Al oír las palabras del sirviente, el pequeño duque asintió repentinamente... Cuando se anunció el comienzo de la guerra, todos estaban ocupados con los preparativos. Quienes recaudaron fondos para la guerra entre bastidores intentaron comprar armas con bonos como garantía y reclutaron mercenarios y caballeros de la familia. Mientras tanto, Leopoldo preparó un paquete de regalo para el conde Hodges. Luego se volvió hacia el pequeño duque.
"Iba a enviarle un regalo al duque de Madeleine para una visita al hospital. ¿No sería agradable ir a la casa del duque contigo?"

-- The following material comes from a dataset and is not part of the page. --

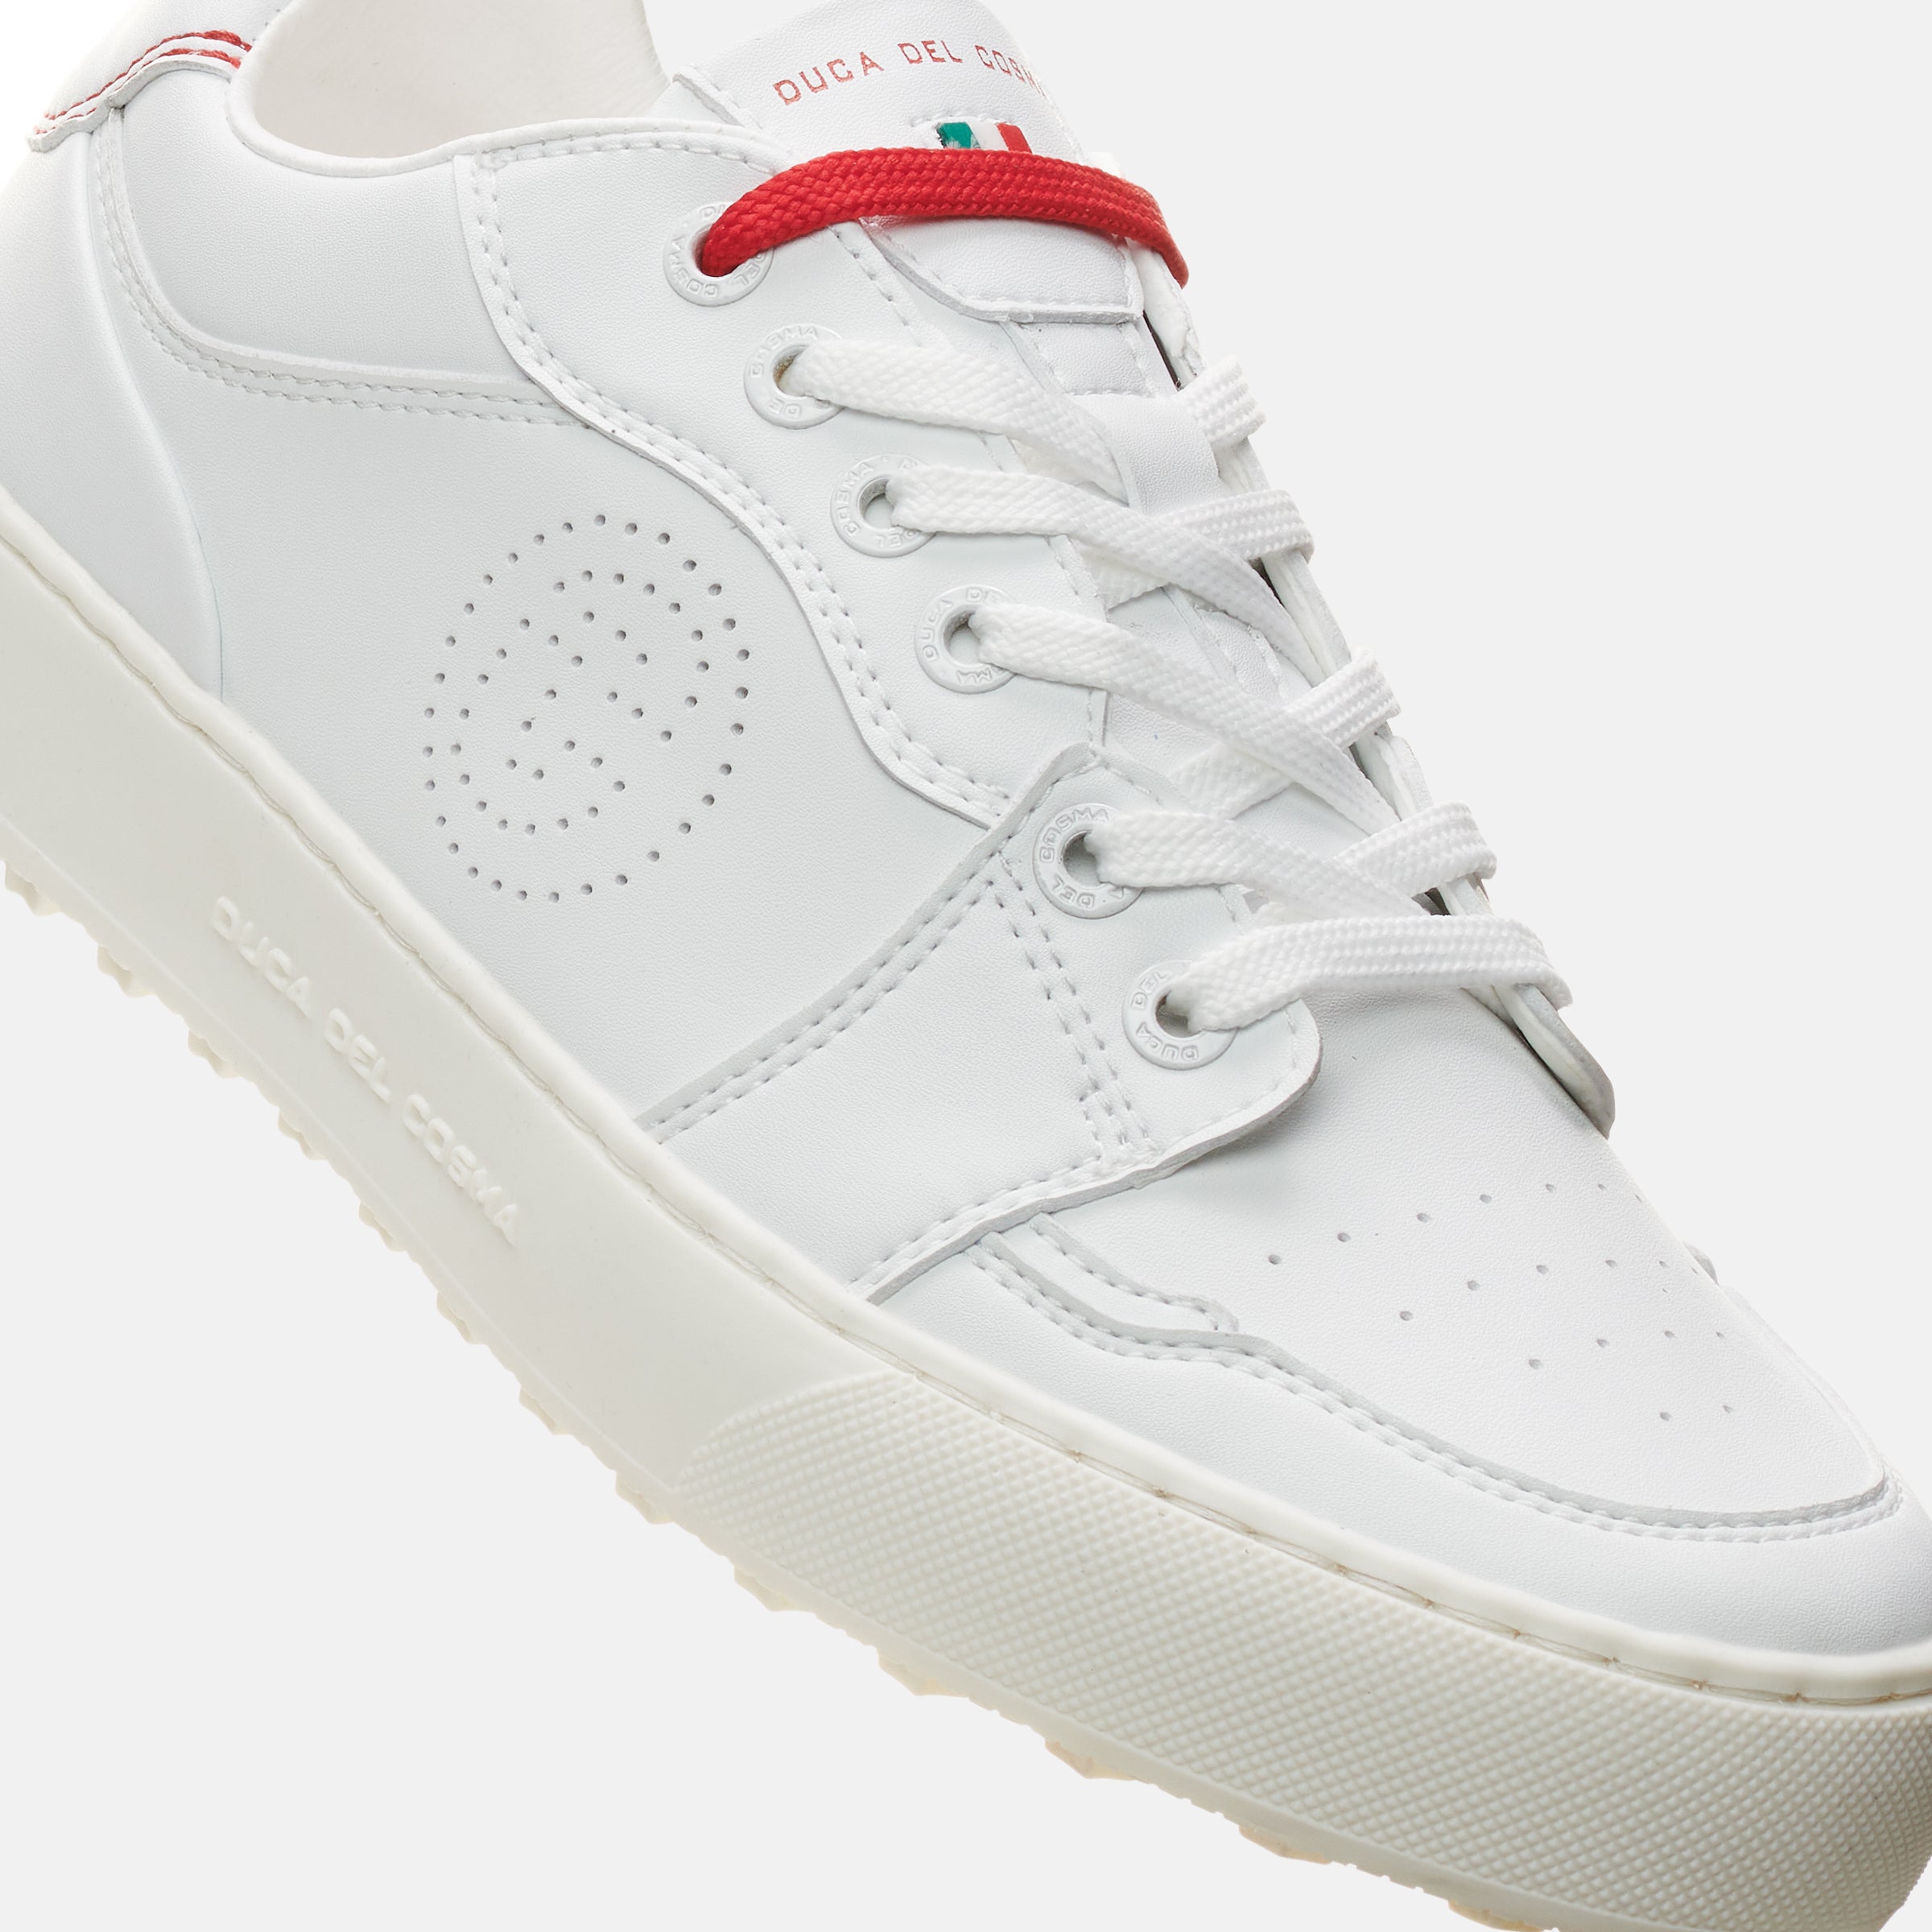 How to Clean White Sneakers | Reviews by Wirecutter

"Gracias por cuidarme mientras estás ocupado. Se lo entregaré..."
"No puedes."
Su tono indiferente y sus ojos entrecerrados. Su mirada, como una serpiente, buscó a la otra persona y recorrió con la mirada a Conrad mientras decía:
"Aun así, ¿no es él quien será mi suegro? Quisiera expresar mi sinceridad, así que acompañaré al conde Hadges."
***
“… El duque de Madeleine no es de los que caen. Ve a ver si pasa algo.”
“Si dices que es extraño…”
“Todo lo que parezca estar relacionado con Olivia.”

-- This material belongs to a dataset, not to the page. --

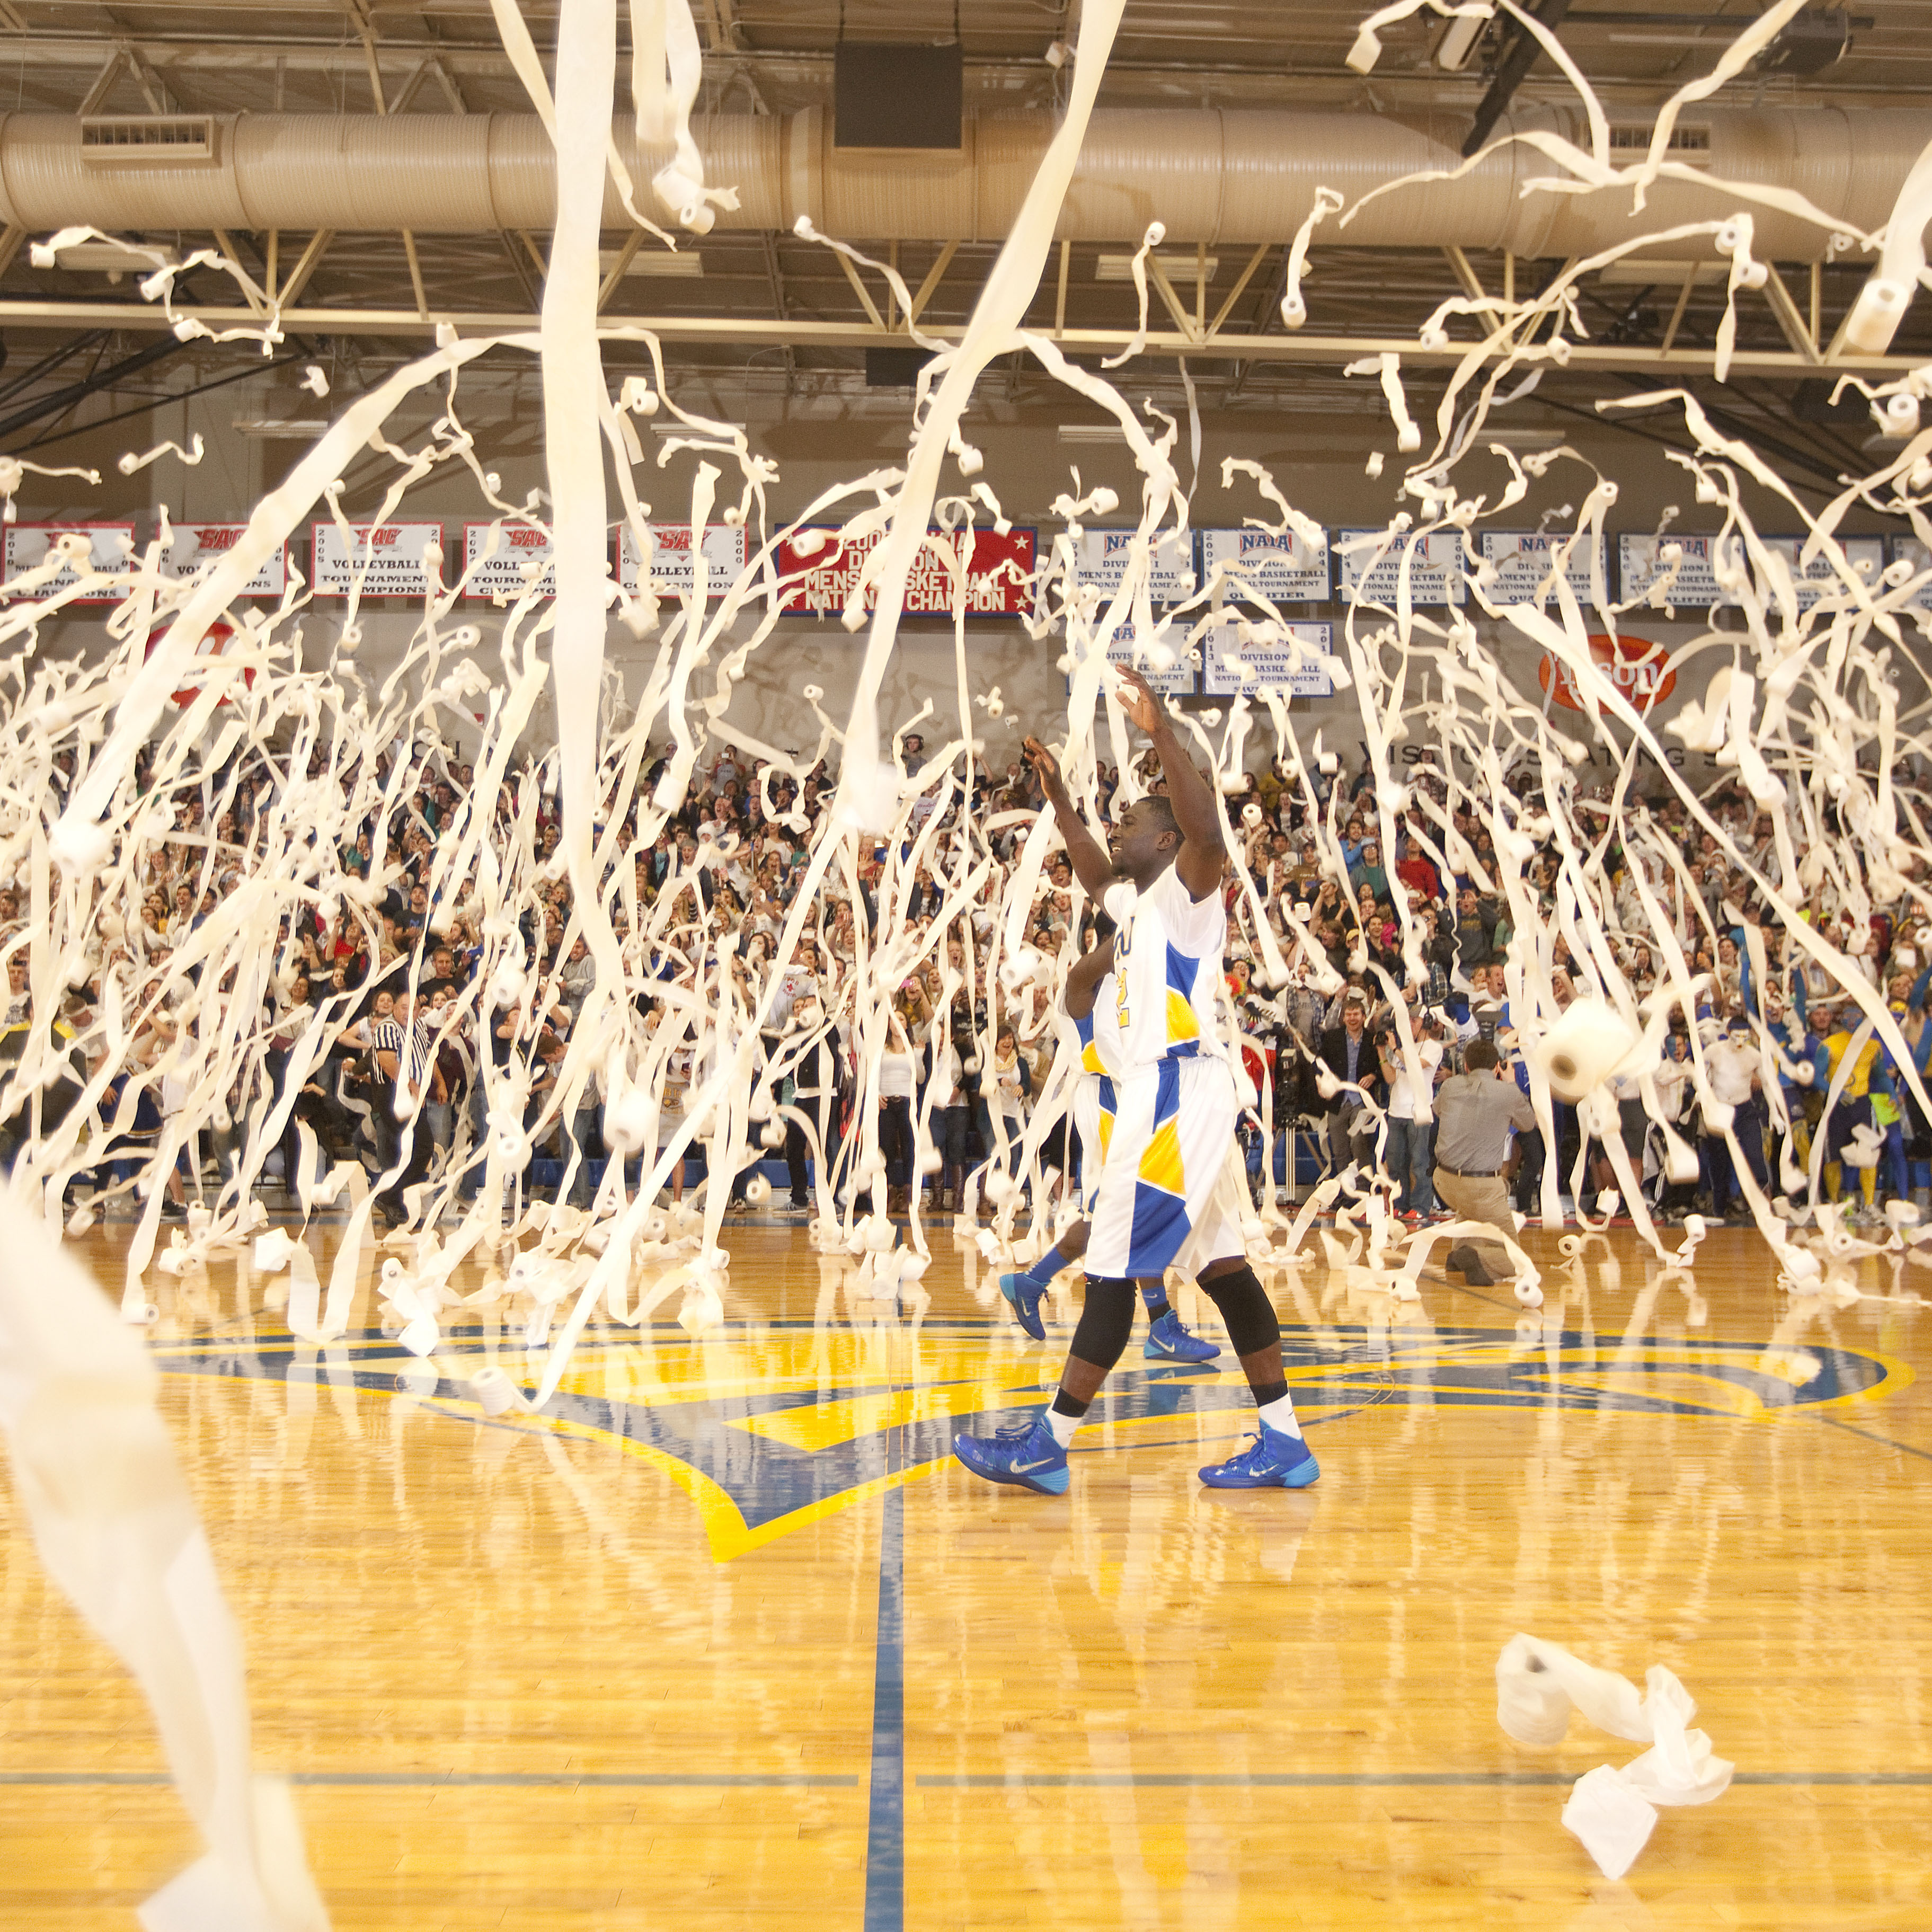 JBU Partners with Kimberly-Clark for 36th Annual Toilet Paper Game

Sin embargo, contrariamente a las palabras del príncipe, no había nada extraño en la residencia del duque. Tras la búsqueda, el conde Hadges llegó a una breve conclusión: el exangüe duque Madeleine y la princesita que lo cuida con ojos rojos. Y Jade Madeleine, que parecía un tonto con una mirada sombría. Incluso los trabajadores del duque se apresuraron a preocuparse por el duque que estaba acostado.
“… Espero que te recuperes.”
El conde Hadges hizo una reverencia al duque y regresó al palacio. El príncipe, con el ceño fruncido, preguntó qué hacer a continuación con el rostro nublado ante el informe del conde Hadges.
"Si es así... ¿Enviaste una carta a tus aliados?"
"... Excepto el Reino de Oslan, los hemos completado todos."
"Pues Oslan, ah."
Leopold frunció el ceño. La envié a los nobles de rango medio para contener el impulso. Curiosamente, resurgieron los rumores de que Mary se había convertido en la amante del príncipe.
"... Bueno, no es diferente si solo falta un reino."
... Incluso después del regreso del carruaje del conde Hadges, los vigilantes del príncipe vigilaron al duque Madeleine durante un buen rato. Solo cuando Dean, que había visto desaparecer al espíritu con su mirada penetrante, asintió, Verónica, el mayordomo y doncella de Ezela, informó a los duques de guardia que la obra había terminado. El duque, que yacía dolorido, abrió los ojos. A diferencia de cuando cayó frente al príncipe, sus ojos se formaron y tocaron al caballero pelirrojo que estaba cerca de él.
"... Si es un secuestro, ¿significa que Olivia no está en el palacio?"